News on Third-Party Funding in the EU: the Parliament’s recent proposal for a regulation

Daniela Amarante, Diana Nunes.

2023 International Arbitration Outlook Uría Menéndez, n.º 11

The EU Parliament has recently presented a proposal for the approval of a directive to regulate third-party funding in all dispute resolution proceedings taking place within the EU. This article analyses the content of the proposal and its potential effects for international arbitration.

Third-party funding in international arbitration

Third-party funding in dispute resolution is, as the name suggests, a financing method through which an entity funds another party's costs in a dispute – evidently, a dispute to which the funder is not a party. Although its significance varies from jurisdiction to jurisdiction (particularly within the EU, where it is still less used than elsewhere[1]), third-party funding may play an important role in providing access to justice for those who are unable to fund their own claims.[2] Although not exclusive to international arbitration (it is actually used in various dispute resolution methods), third-party funding is becoming increasingly popular in the arbitration community.

From the funded party's perspective, the reason is simple: the high costs involved in arbitration. International arbitration disputes typically concern highly complex transnational issues submitted to renowned arbitrators and require retaining large legal teams and specialised experts. The associated costs can therefore be dissuasive for parties who lack the necessary resources, making third-party funding an attractive solution.

From the funders' perspective, several factors make international arbitration a particularly attractive area for investment, including the high volume of claims, the enforceability of awards, the industry expertise of the arbitrators and the expectation of speedier proceedings.

There is an array of types of third-party funding in dispute resolution, which may vary depending on the type of client (e.g. corporation, individual, sovereign state) or the funding method (e.g. insurance, loans, assignments of claims).[3] Despite the particular characteristics of each type of funding, one thing they all have in common is the fact that third-party funding involves bringing an outsider into the dispute. This is particularly significant in the arbitration context, a method of dispute resolution for which confidentiality and party autonomy serve as core pillars. Having a third-party funder also makes it more complex to ensure the arbitrators' impartiality as it adds a new player into the arbitration equation (which would otherwise in principle only involve the parties to the dispute).

In this context, the issues that have been most extensively discussed in connection with third-party funding in arbitration are:[4] (1) disclosure duties, mainly in relation to impartiality and potential conflicts of interest of arbitrators and other participants; (2) the relevance of third-party funding when the arbitral tribunal is ruling on adverse costs and security for costs;[5] and (3) the negotiation and structuring of financing agreements between the party and third-party funder.[6] Some contend that the way to resolve these lasting debates is through regulation.

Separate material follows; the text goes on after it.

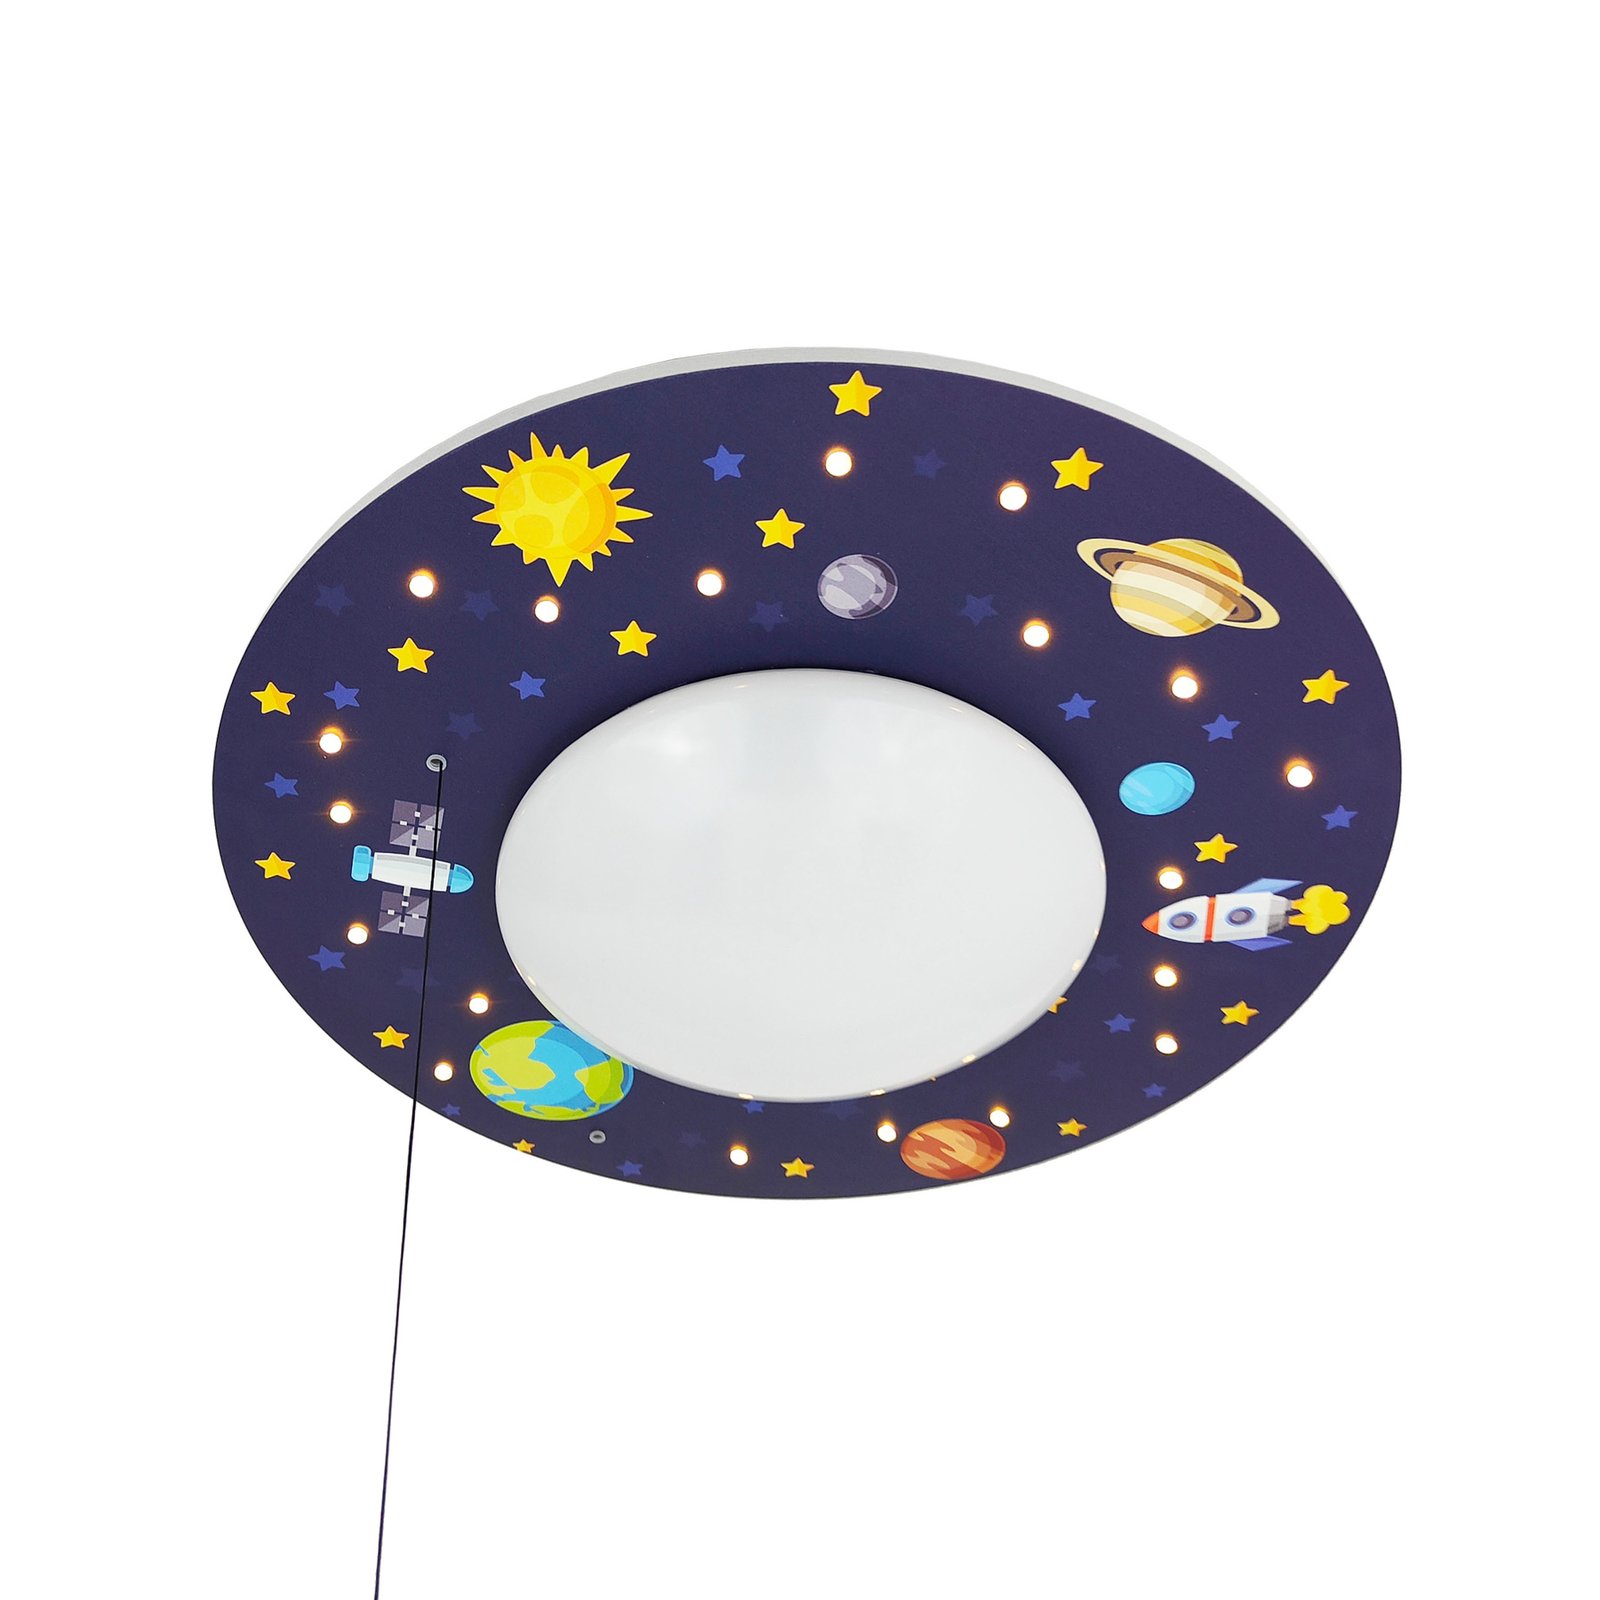 Space ceiling light with an LED starry sky

As José Miguel Júdice, a renowned Portuguese arbitrator, once put it, '[l]ike the Internet (or steam engines, combustion engines, [or] electricity, for that matter), [third-party funding] can be used for good, or not'.[7] The EU Parliament has recently taken steps towards such regulation. This article provides an overview of the issues involved.

Regulation of third-party funding across the globe

The first two countries to regulate third-party funding (within their own jurisdictions) were Singapore and Hong Kong,[8] allowing specific forms of funding agreements in international arbitrations. Regarding investment arbitration in particular, the Comprehensive Economic and Trade Agreement between Canada and the European Union and its Member States, dated 14 September 2016, contains specific rules on third-party funding.[9]

Some of the most important international arbitral institutions have established rules addressing third-party funding in the most recent versions of their rules:[10]

(1) ICC: '[e]ach party must promptly inform the Secretariat, the arbitral tribunal and the other parties, of the existence and identity of any non-party which has entered into an arrangement for the funding of claims or defences'.[11]

(2) ICDR: '[t]he tribunal may require the parties to disclose: a. whether any non-party (such as a third-party funder or an insurer) has undertaken to pay or to contribute to the cost of a party's participation in the arbitration' or 'b. [...] has an economic interest in the outcome of the arbitration'.[12]

(3) ICSID: '[a] party shall file a written notice disclosing the name and address of any non-party from which the party, directly or indirectly, has received funds for the pursuit or defense of the proceeding through a donation or grant, or in return for remuneration dependent on the outcome of the proceeding'.[13]

(4) IBA: '[t]hird-party funders and insurers in relation to the dispute may have a direct economic interest in the award, and as such may be considered to be the equivalent of the party'.[14]

Similarly, two of the most important arbitral institutions in Portugal and Spain have also included references in their arbitration rules to the duty to disclose third-party funding.[15]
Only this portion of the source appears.